EXERCISE DESCRIPTION :: Please reproduce the lines of the records below from the one holding "Contempo Husk Outdoor" through the one holding "View of interior", inclusive, skipping all pictures.

GIVEN DATA ::
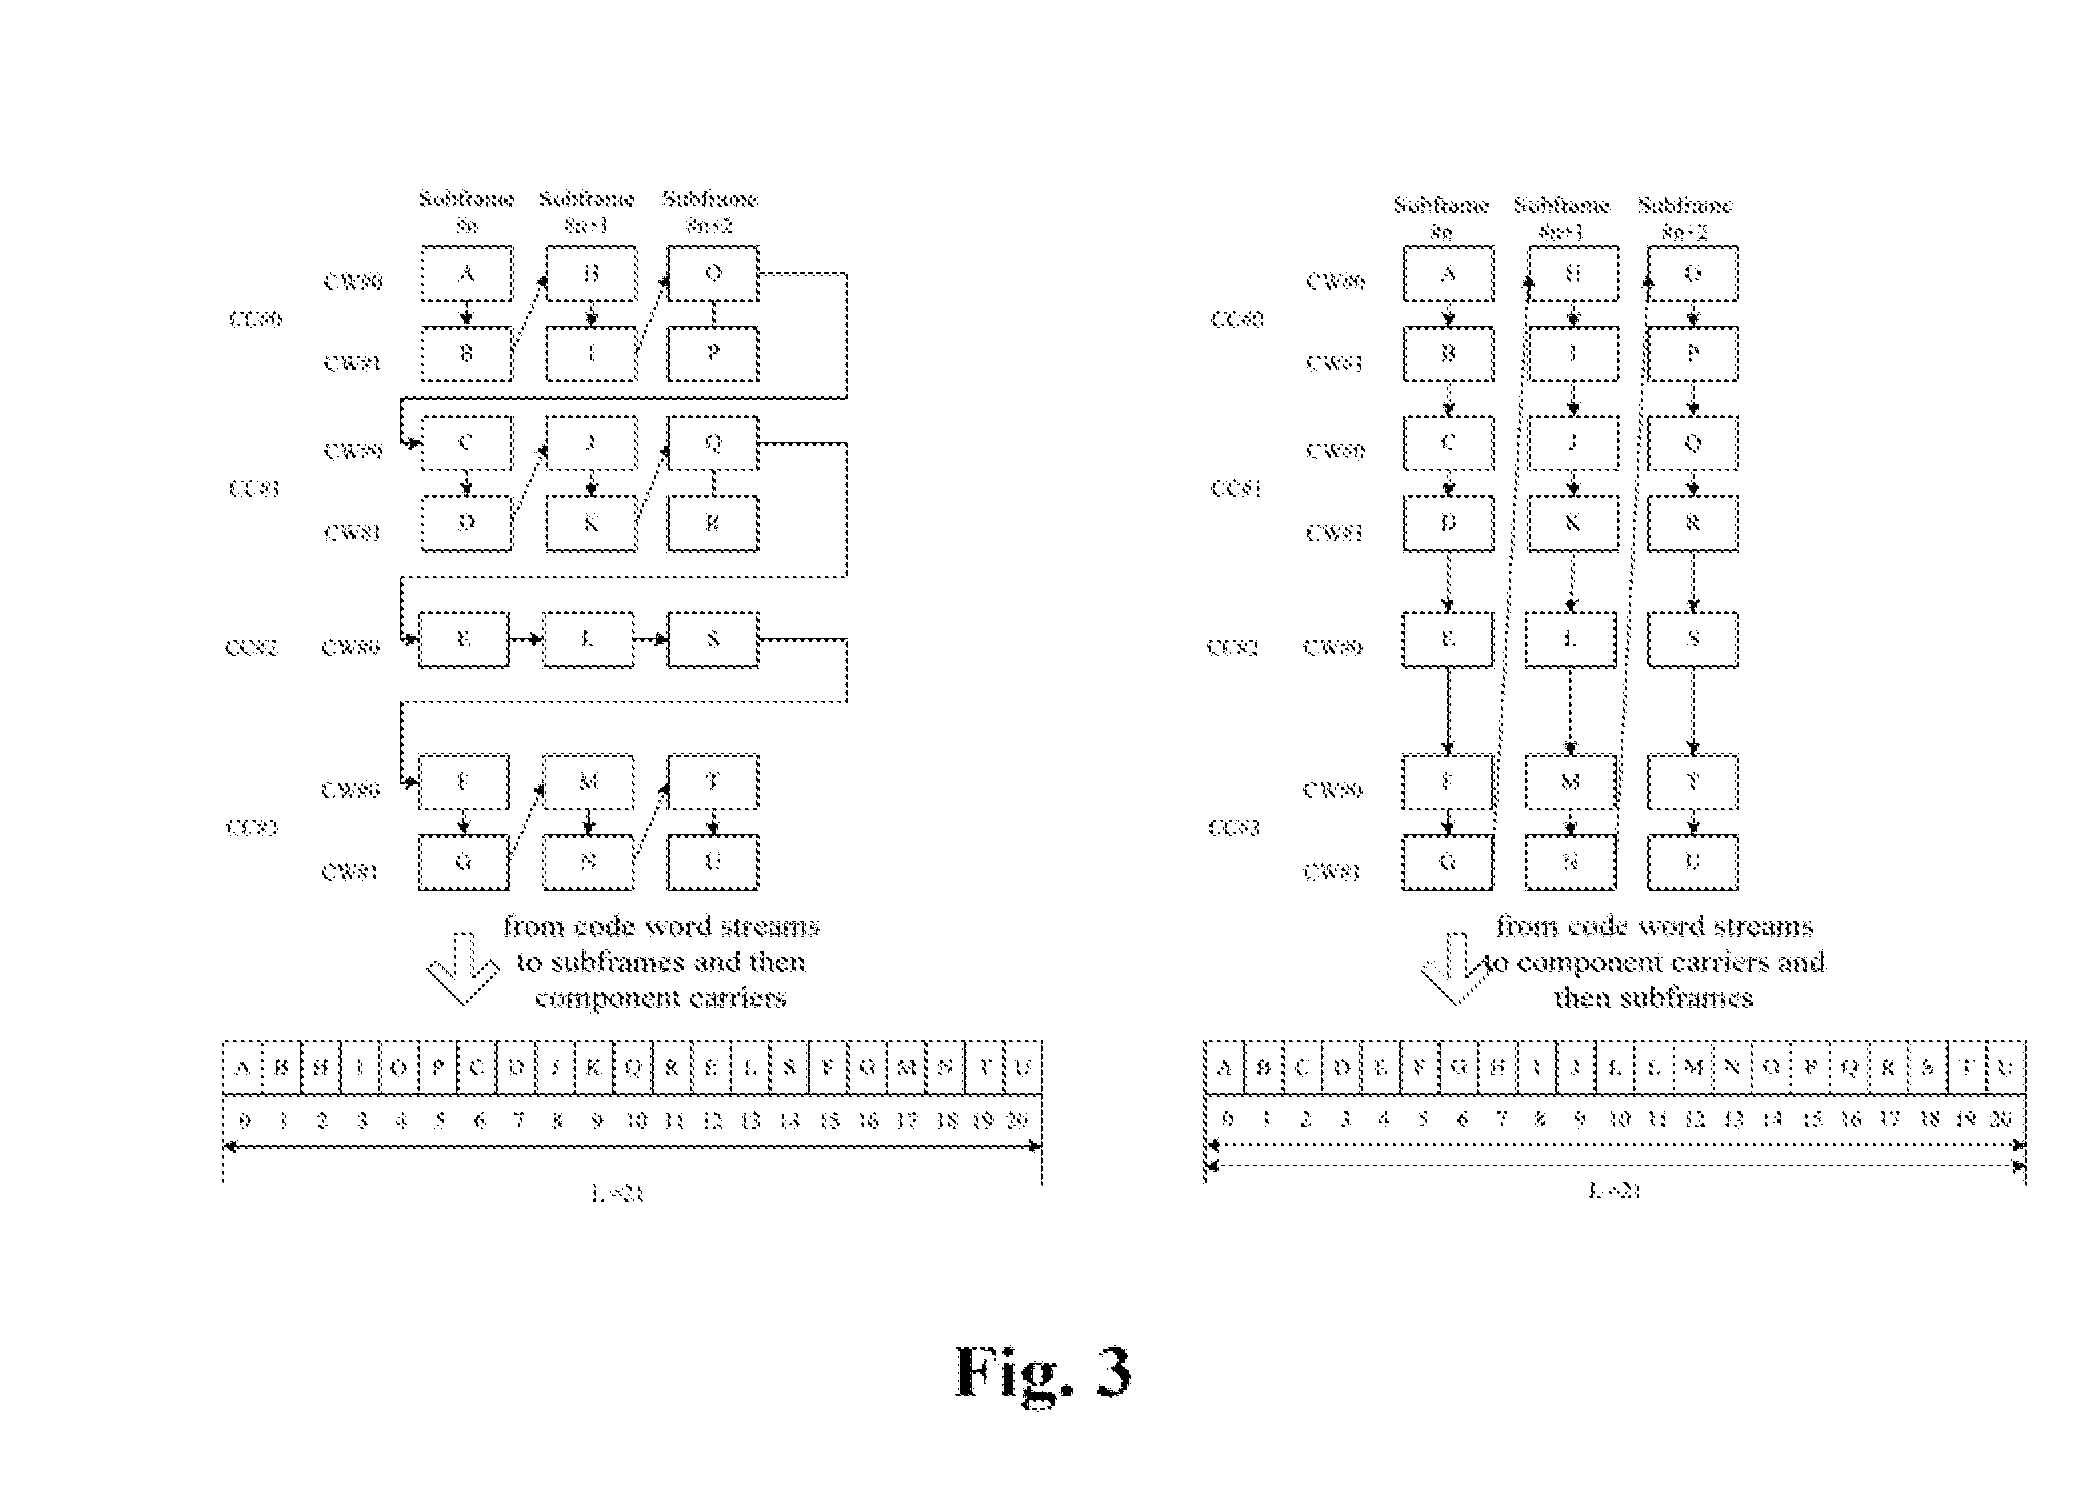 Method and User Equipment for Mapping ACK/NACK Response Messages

==

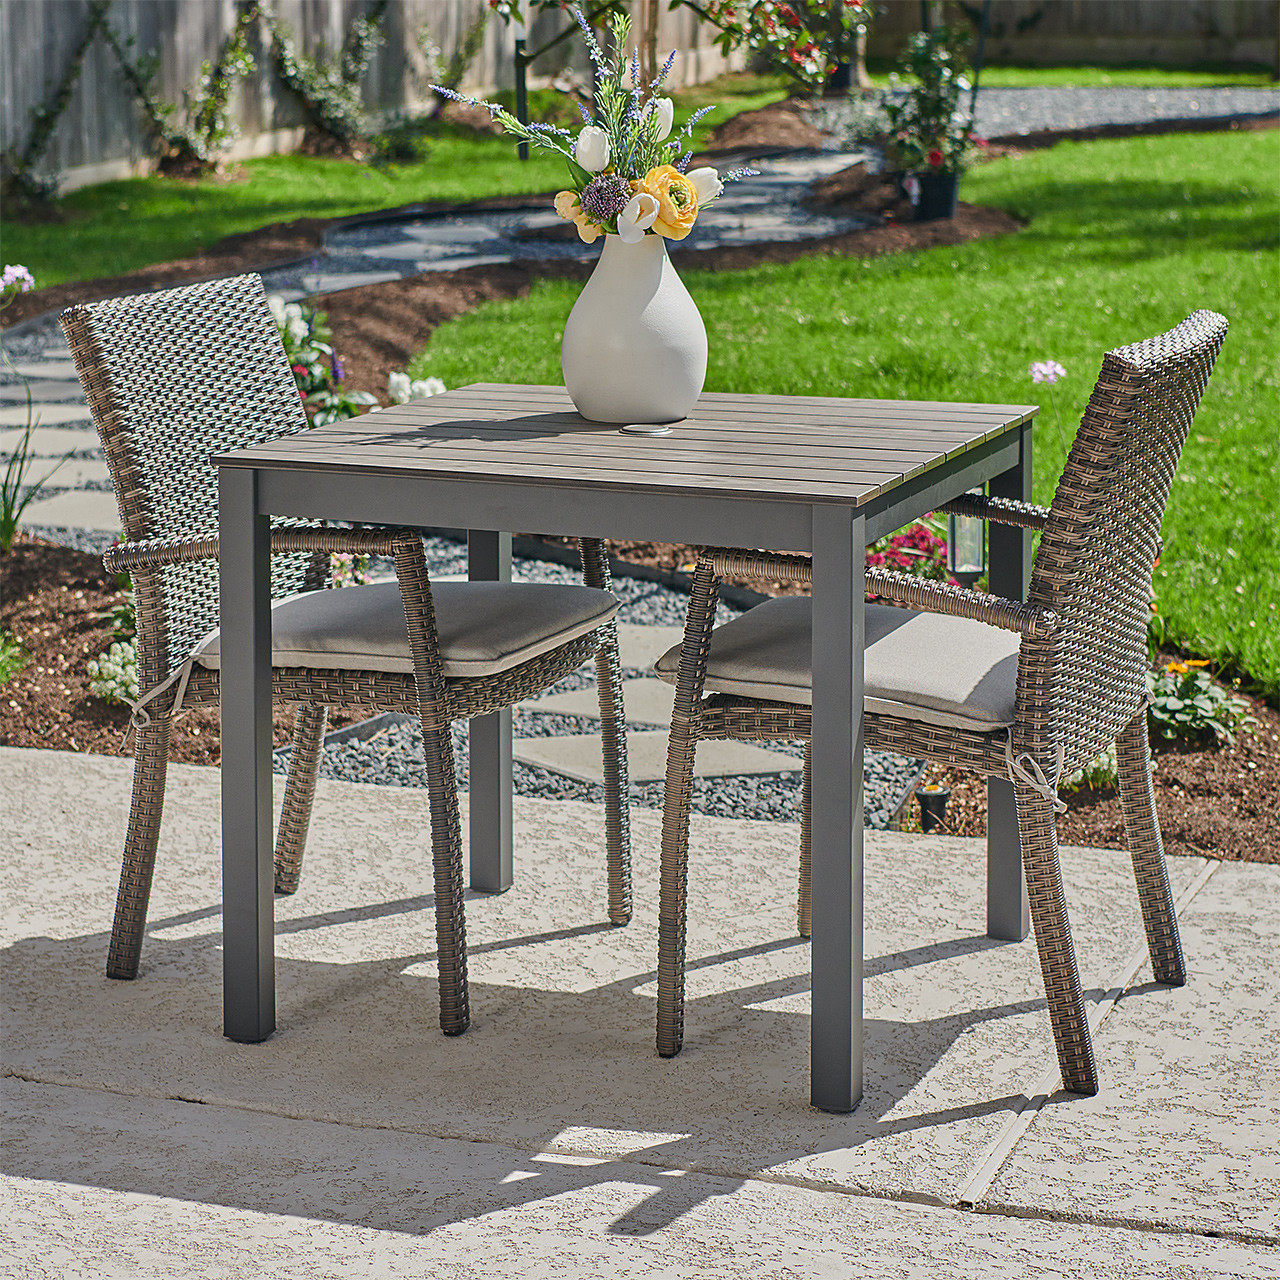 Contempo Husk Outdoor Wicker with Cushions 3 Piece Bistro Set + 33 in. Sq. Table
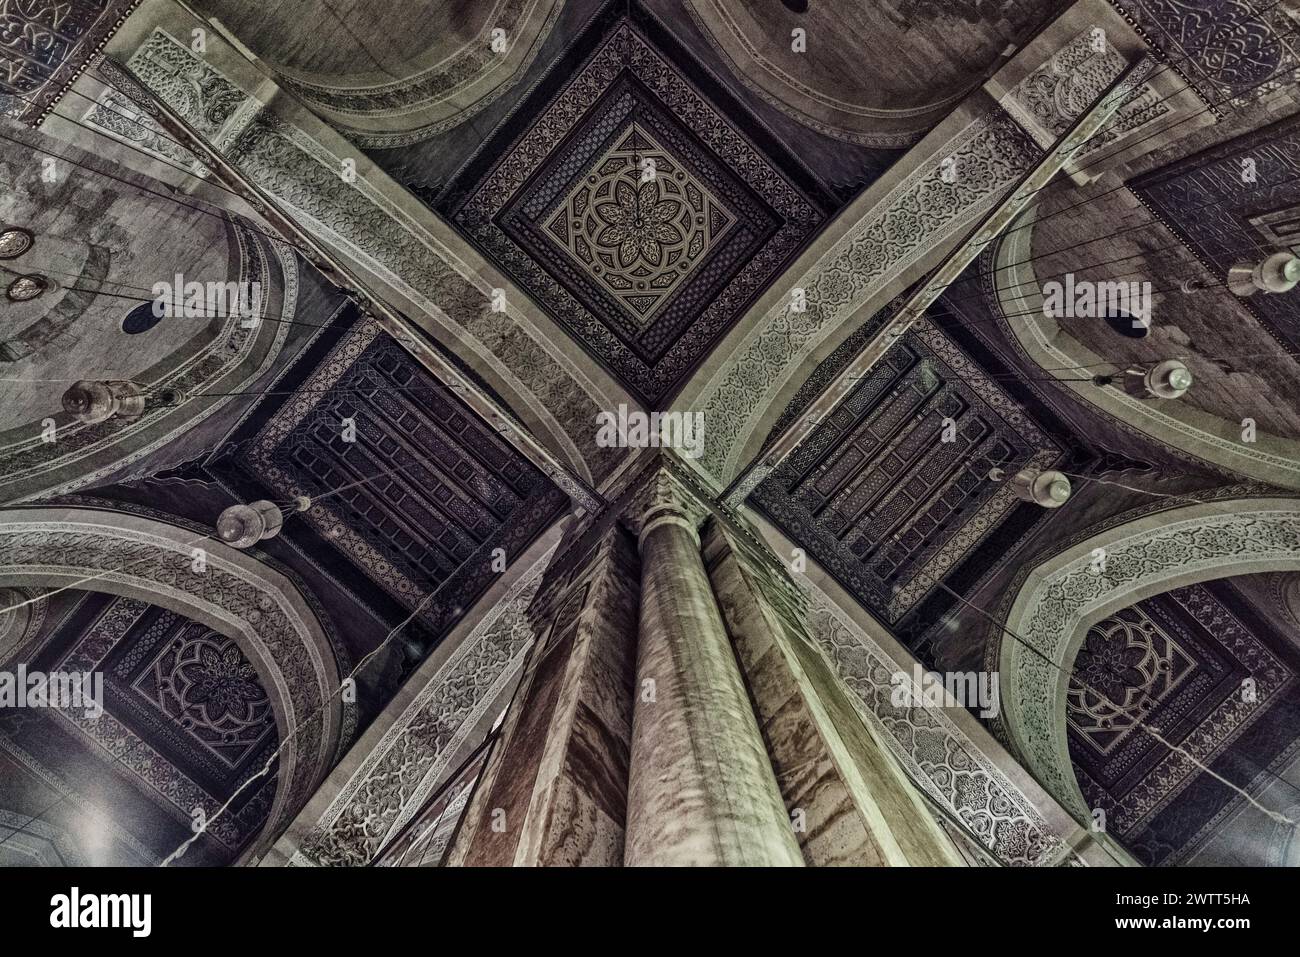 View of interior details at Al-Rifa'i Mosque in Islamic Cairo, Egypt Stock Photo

---

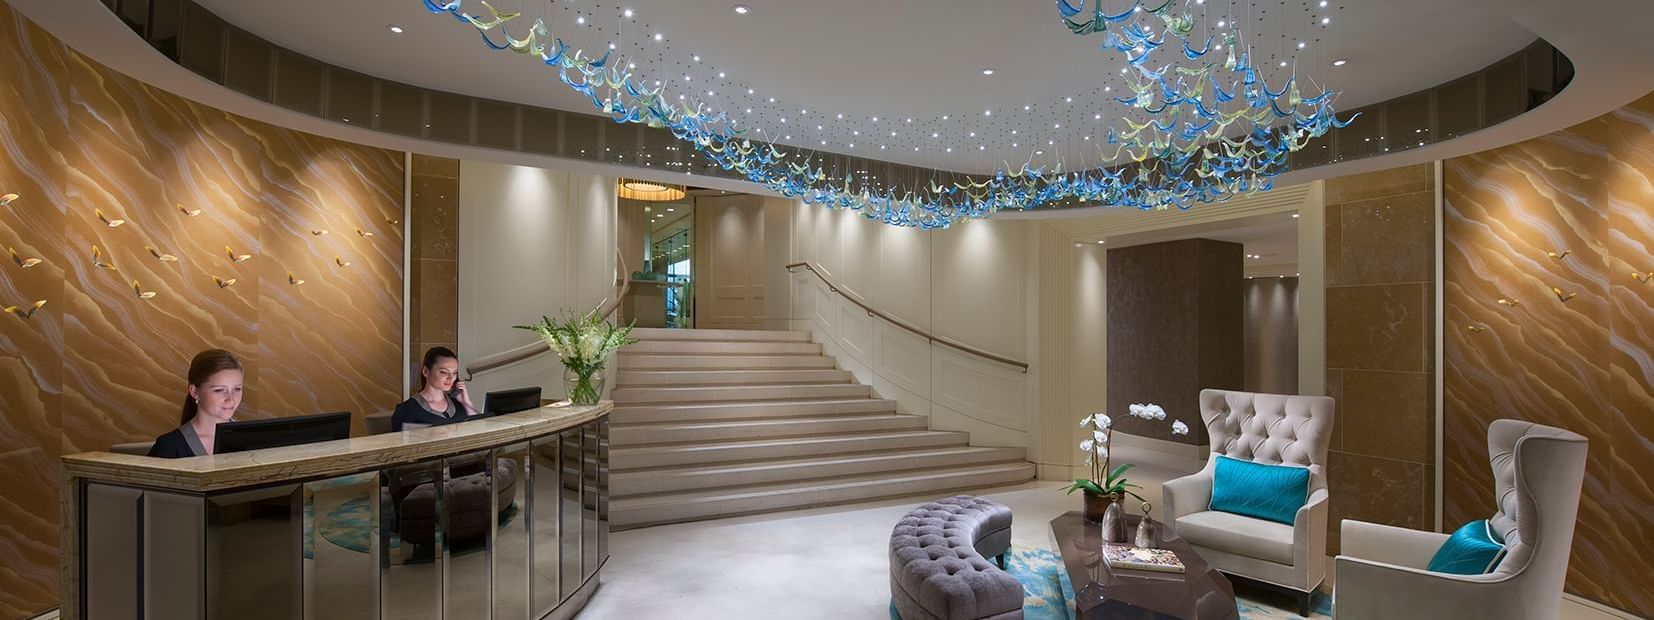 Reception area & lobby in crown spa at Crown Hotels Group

RESULT ::
 Contempo Husk Outdoor Wicker with Cushions 3 Piece Bistro Set + 33 in. Sq. Table
 View of interior details at Al-Rifa'i Mosque in Islamic Cairo, Egypt Stock Photo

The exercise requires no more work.